Azmy Mehelba (born 26 March 1991) is an Egyptian sport olympic shooter, who began shooting at age 11. Then he was selected to join the Egyptian national men skeet shooting team by the age of 14. Participated in his first international competition at age 15.

Current World ranking number 1, he has been keeping the top of the ranking for long period.
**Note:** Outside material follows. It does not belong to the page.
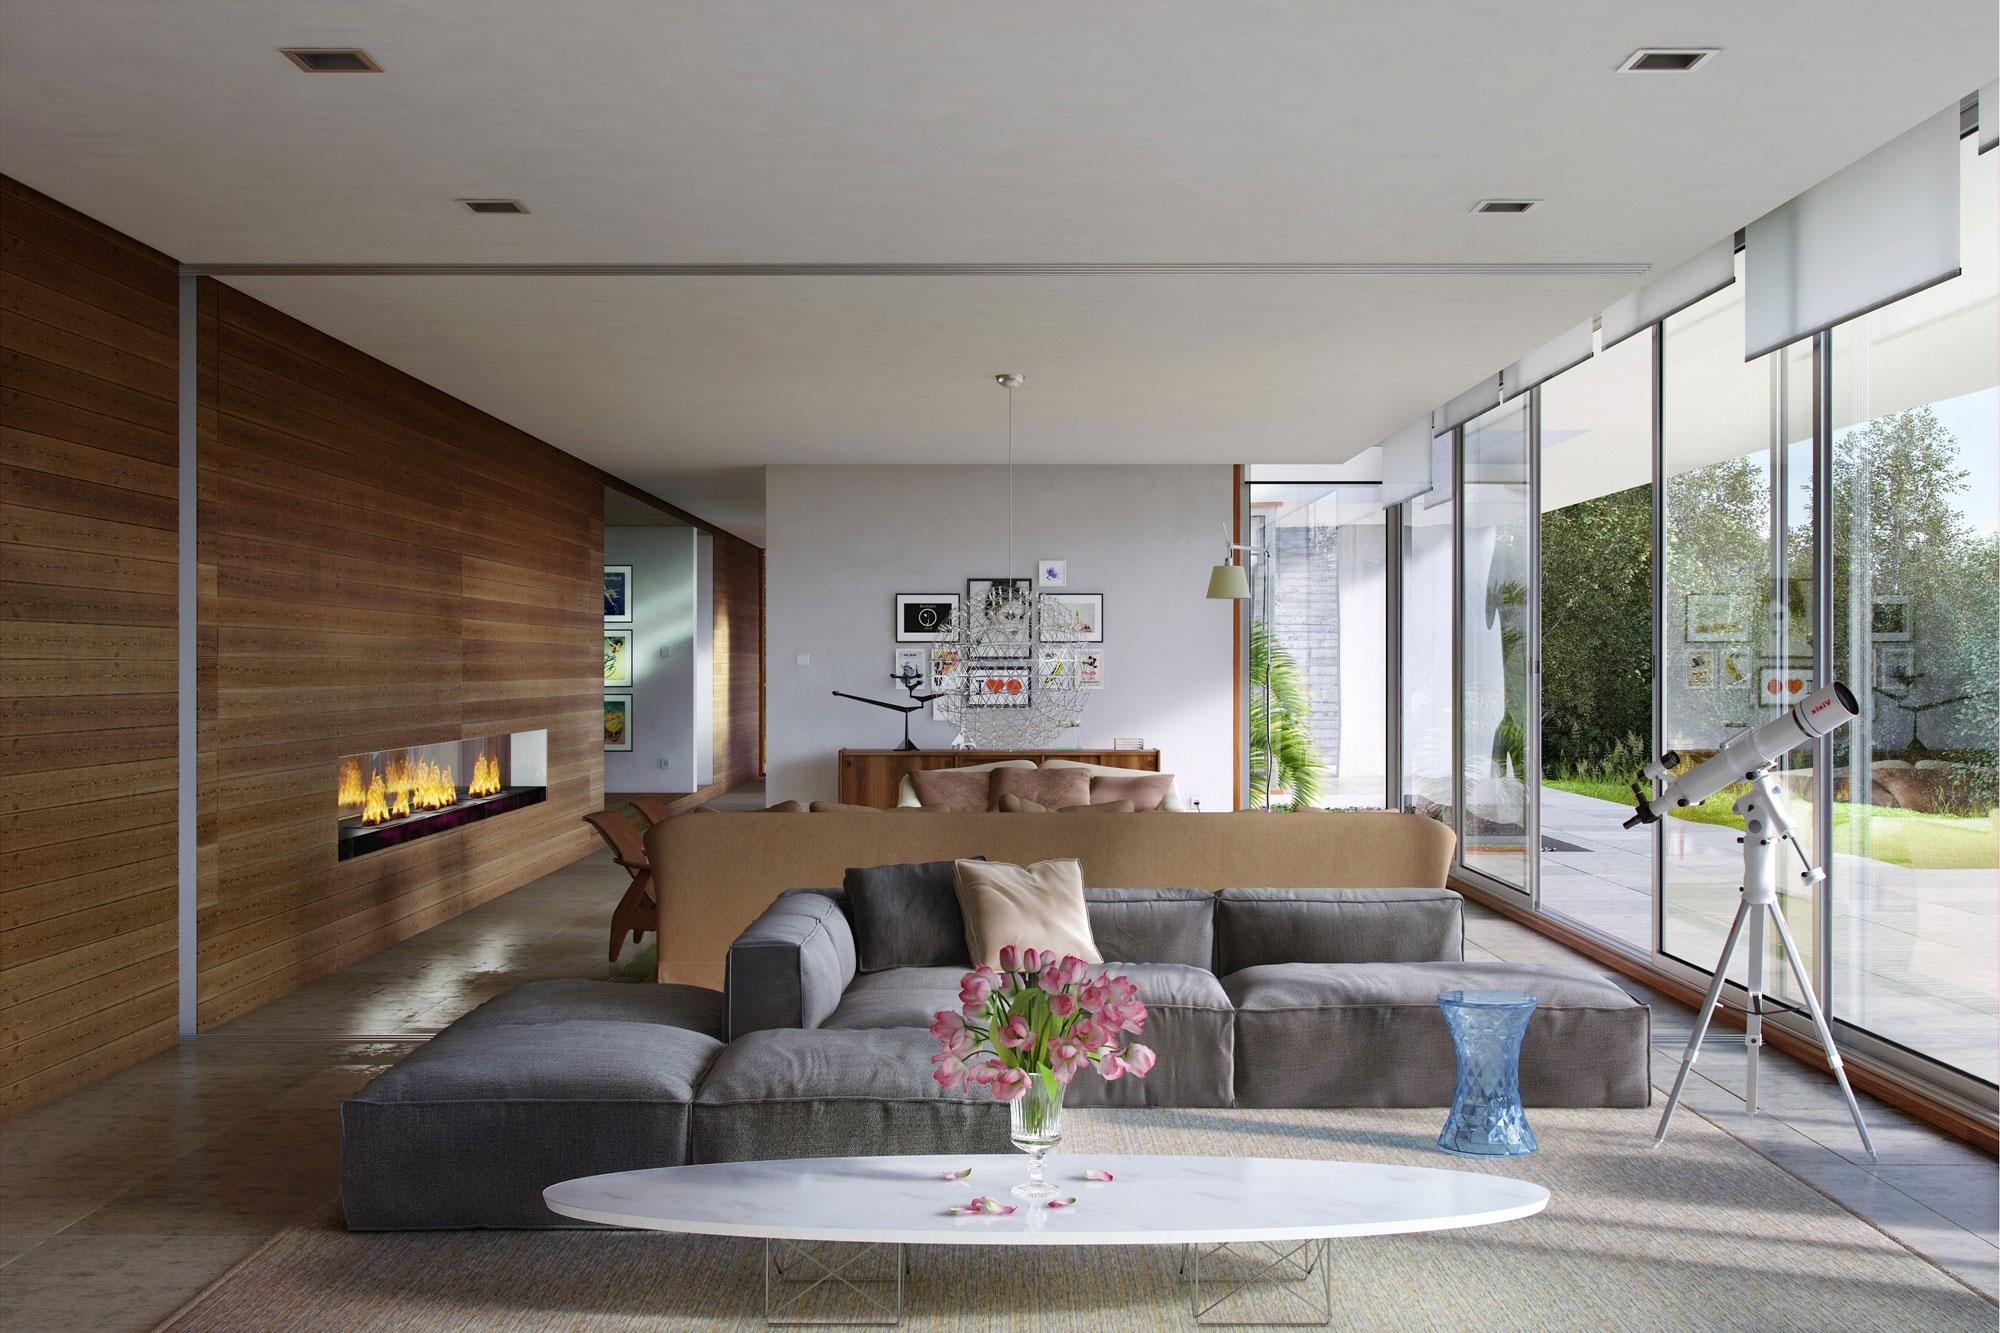 Minimalism: 34 Great Living Room Designs - Decoholic on Minimalist Living Room Design  id=48286

He was also ranked World number 1 and World number 2 several times before by the International Shooting Sport Federation (ISSF). He represented his country in many international competitions and has qualified for four consecutive Olympic Games, the 2012 Summer Olympics in London, the 2016 Summer Olympics in Rio de Janeiro, 2020 Summer Olympics in Tokyo and 2024 Summer Olympics in Paris. He was the first Arab & African athlete in all sports to qualify for Rio 2016 where he finished in 10th place (just one target from the finals) and Paris 2024. 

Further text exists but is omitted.